:: Assignment ::
Each line with the string "Brown" is to be copied from the records below.

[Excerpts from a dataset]
——

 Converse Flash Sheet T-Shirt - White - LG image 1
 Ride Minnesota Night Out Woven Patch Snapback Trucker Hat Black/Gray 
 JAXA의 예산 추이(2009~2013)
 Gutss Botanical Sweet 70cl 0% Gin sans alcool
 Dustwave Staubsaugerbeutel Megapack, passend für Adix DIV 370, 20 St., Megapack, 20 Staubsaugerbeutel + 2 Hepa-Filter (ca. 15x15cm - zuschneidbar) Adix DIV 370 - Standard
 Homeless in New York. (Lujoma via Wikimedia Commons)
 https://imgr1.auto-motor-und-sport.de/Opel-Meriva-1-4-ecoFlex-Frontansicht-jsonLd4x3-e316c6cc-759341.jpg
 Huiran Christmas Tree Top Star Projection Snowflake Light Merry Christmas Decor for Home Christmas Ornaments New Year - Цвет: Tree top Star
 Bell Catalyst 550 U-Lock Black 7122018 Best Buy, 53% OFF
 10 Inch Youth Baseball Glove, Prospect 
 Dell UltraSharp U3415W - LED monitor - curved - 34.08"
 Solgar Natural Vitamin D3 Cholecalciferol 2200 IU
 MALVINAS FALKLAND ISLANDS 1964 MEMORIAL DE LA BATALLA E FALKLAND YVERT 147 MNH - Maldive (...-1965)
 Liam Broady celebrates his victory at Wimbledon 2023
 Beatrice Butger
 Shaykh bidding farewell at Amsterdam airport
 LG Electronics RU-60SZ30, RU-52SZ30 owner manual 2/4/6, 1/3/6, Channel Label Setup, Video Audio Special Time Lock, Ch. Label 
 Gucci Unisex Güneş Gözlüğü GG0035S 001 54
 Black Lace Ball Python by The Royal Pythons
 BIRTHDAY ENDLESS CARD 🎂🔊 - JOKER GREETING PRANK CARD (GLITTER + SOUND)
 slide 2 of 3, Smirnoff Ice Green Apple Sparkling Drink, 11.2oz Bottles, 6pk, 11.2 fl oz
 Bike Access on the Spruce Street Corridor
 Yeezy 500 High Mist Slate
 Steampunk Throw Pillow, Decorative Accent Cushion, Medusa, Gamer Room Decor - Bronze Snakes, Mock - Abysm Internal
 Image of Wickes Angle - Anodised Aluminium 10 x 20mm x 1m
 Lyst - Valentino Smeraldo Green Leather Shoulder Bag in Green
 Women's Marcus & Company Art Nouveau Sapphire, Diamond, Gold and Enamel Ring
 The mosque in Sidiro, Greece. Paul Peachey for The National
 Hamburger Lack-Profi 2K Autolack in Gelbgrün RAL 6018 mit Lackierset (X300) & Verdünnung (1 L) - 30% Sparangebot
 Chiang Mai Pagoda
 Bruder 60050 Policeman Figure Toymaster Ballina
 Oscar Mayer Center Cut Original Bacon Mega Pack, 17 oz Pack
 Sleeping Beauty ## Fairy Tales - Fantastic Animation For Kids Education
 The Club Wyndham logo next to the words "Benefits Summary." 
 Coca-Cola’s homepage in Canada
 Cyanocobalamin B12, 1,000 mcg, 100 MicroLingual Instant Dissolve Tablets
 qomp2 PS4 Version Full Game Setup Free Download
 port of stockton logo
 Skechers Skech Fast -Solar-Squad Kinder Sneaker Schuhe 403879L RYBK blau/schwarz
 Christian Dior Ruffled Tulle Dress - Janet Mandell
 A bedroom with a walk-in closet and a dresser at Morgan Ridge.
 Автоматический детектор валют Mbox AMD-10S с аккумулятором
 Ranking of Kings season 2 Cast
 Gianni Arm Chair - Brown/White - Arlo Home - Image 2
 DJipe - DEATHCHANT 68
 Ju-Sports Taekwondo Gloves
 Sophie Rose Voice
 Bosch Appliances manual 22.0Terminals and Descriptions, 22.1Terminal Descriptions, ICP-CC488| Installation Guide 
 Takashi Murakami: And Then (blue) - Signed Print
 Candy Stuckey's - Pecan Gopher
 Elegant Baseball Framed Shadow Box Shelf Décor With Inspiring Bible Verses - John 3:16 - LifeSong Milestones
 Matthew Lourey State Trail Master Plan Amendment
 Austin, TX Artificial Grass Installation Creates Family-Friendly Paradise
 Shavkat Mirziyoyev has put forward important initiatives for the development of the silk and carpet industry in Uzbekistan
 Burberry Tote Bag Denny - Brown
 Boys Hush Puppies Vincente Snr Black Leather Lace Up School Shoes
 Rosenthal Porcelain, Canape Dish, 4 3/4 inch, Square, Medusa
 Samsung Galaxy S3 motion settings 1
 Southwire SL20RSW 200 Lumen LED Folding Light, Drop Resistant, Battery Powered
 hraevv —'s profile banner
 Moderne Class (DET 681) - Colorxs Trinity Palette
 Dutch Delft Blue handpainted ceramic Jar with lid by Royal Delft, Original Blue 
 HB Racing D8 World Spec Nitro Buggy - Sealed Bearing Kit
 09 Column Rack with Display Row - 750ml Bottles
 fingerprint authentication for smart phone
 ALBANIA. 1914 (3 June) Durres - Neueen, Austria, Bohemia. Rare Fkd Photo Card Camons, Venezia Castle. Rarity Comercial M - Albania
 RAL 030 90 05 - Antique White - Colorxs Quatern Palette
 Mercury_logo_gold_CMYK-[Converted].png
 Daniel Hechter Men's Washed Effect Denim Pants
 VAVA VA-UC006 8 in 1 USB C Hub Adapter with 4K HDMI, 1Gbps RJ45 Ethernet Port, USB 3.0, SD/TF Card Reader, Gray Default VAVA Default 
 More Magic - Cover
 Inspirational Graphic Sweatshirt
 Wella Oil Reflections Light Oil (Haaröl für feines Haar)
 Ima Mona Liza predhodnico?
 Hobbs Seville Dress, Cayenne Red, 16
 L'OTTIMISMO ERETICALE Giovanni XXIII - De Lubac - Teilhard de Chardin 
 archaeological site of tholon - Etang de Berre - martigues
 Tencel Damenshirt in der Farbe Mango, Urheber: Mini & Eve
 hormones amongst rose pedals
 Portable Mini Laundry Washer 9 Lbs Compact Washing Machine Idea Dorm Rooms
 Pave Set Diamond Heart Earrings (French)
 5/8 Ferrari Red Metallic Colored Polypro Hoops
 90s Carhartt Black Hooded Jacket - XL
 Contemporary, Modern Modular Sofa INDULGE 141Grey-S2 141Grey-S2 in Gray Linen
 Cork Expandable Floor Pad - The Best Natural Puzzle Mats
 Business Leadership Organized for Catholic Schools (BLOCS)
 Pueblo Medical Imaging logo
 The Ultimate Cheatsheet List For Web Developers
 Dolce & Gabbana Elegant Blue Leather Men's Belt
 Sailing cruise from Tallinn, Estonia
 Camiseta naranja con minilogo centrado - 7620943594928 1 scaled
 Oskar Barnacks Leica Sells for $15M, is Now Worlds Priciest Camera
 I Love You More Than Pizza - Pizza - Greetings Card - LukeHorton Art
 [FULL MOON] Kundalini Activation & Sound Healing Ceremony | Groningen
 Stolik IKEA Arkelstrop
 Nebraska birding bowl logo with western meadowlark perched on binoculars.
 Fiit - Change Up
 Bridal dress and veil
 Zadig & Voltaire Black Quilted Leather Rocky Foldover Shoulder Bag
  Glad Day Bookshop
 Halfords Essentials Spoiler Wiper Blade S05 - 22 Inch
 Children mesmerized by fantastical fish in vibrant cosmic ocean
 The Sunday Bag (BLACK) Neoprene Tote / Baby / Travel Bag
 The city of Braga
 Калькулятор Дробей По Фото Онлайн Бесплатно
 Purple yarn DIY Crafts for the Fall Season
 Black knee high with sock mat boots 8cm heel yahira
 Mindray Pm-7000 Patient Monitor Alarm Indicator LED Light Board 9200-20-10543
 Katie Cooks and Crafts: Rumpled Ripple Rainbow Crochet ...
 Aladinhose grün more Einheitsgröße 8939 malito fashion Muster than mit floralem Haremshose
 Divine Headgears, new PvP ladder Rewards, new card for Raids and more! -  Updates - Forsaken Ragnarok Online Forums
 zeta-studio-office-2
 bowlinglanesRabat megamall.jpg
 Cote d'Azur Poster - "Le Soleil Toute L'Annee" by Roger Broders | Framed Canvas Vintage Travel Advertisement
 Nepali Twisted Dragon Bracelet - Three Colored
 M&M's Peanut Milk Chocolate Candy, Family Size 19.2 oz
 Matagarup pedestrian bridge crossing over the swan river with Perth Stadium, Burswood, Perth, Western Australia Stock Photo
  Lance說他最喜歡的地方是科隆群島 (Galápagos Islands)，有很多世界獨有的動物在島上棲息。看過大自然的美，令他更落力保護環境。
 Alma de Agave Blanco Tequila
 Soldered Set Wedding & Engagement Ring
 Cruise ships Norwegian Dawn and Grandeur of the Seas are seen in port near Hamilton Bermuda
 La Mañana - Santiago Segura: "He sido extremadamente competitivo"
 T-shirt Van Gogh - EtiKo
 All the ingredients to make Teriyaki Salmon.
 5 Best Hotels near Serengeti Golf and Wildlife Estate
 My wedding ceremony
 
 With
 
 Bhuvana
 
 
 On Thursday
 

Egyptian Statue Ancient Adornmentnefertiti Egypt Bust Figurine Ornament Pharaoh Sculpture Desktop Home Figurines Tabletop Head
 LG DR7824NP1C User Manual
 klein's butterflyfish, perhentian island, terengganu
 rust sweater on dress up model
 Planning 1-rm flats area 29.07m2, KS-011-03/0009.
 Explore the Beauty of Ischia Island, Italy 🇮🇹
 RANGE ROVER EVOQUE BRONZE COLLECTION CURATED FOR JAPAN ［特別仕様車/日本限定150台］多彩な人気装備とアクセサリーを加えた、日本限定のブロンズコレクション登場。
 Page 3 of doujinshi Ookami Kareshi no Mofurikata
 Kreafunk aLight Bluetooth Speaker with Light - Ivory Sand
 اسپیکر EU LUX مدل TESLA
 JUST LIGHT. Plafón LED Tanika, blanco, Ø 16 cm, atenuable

——

:: Exercise answer ::
 Gianni Arm Chair - Brown/White - Arlo Home - Image 2
 Burberry Tote Bag Denny - Brown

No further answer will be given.